To better understand the total IDN network, Precision’s Provider Master is a tool that offers a turnkey, data vendor-agnostic, employment, ownership, and relationship map of the health care providers across the country. The Provider Master is displayed in a multilevel hierarchy that enables the unmasking of corporate decision-making and its impact on health care delivery (Figure 4).
Key Findings
What we have observed through our model is that the impact of high-control health systems on local market care delivery is positive and nonlinear. In addition, the influence of these systems has a significant spillover impact on the total health care delivery within the local markets in which they operate.

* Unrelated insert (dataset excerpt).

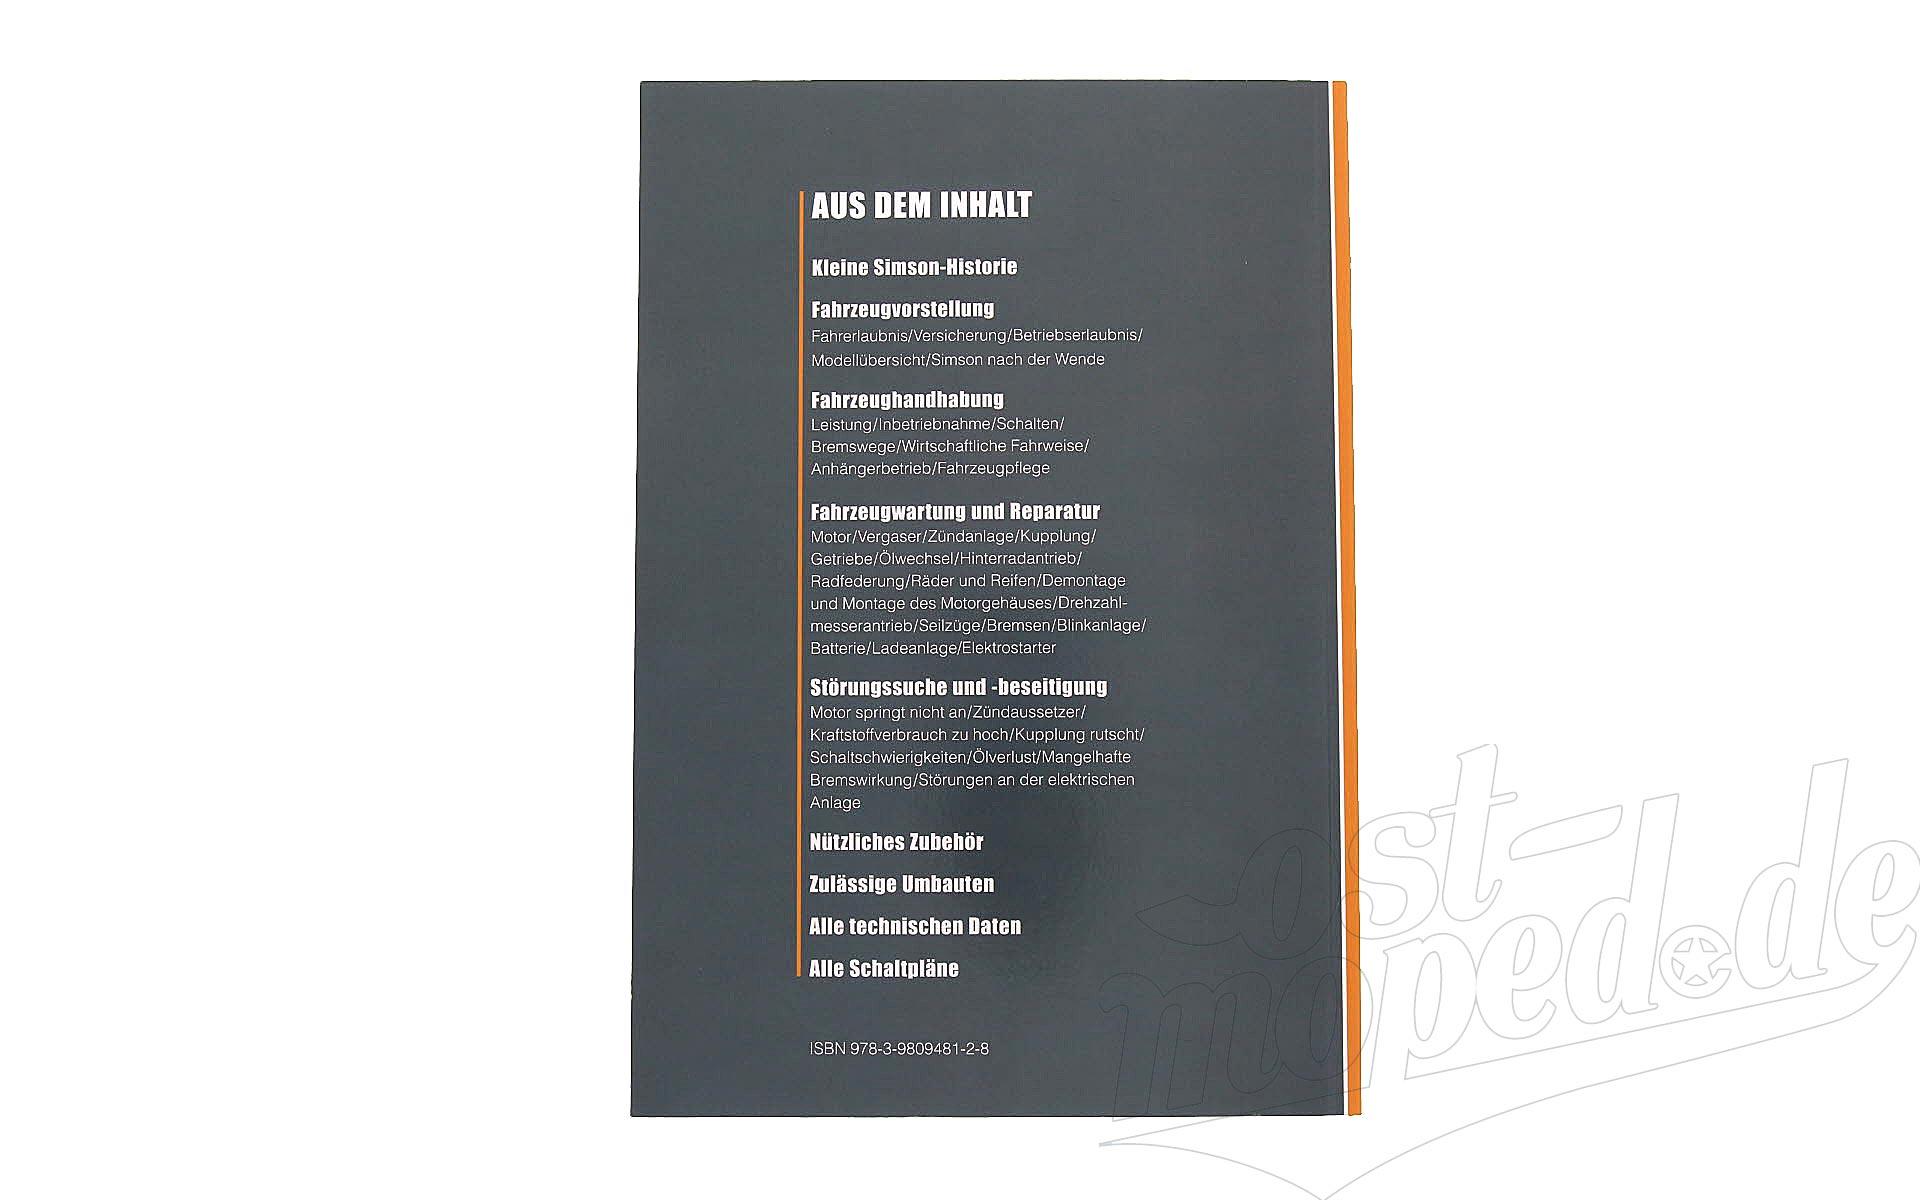 Beste Schaltplan Buch Fotos - Die Besten Elektrischen Schaltplan ...

This is critical to understand, as the drivers and levers of these systems, and the engagement model with these stakeholders (ie, partnerships, promotions, and contracts among stakeholders) have an effect not only within that health system but also on the overall local market. This impact has been identified as an influencer of many variables related to the provision of care, including but not limited to: (1) provider and channel contracting; (2) uptake of innovative treatment strategies; and (3) payer influence within the market.
Conclusion
For payers looking to expand partnerships with IDNs, oncology care providers competing in local markets, or pharmaceutical manufacturers looking to launch new products/indications or designing go-to-market strategies, it is vital to keep in mind that:
•the more fragmented the care, the lower the resistance to influence a local market;
•contracts with providers in network of sophisticated IDNs need to be modeled at the local market level, in context of all the stakeholders, to understand the true impact they can achieve;
•the higher the spread of high-control health systems in a local market, the lower the deviation in oncology care management; and
•quantify before you qualify, ie, model the impact of the system(s) before conducting research to address
the “why.”
References
1. Smith BD, Smith GL, Hurria A, Hortobagyi GN, Buchholz TA. Future of cancer incidence in the United States: burdens upon an aging, changing nation. 2009;27(17):2758-2765.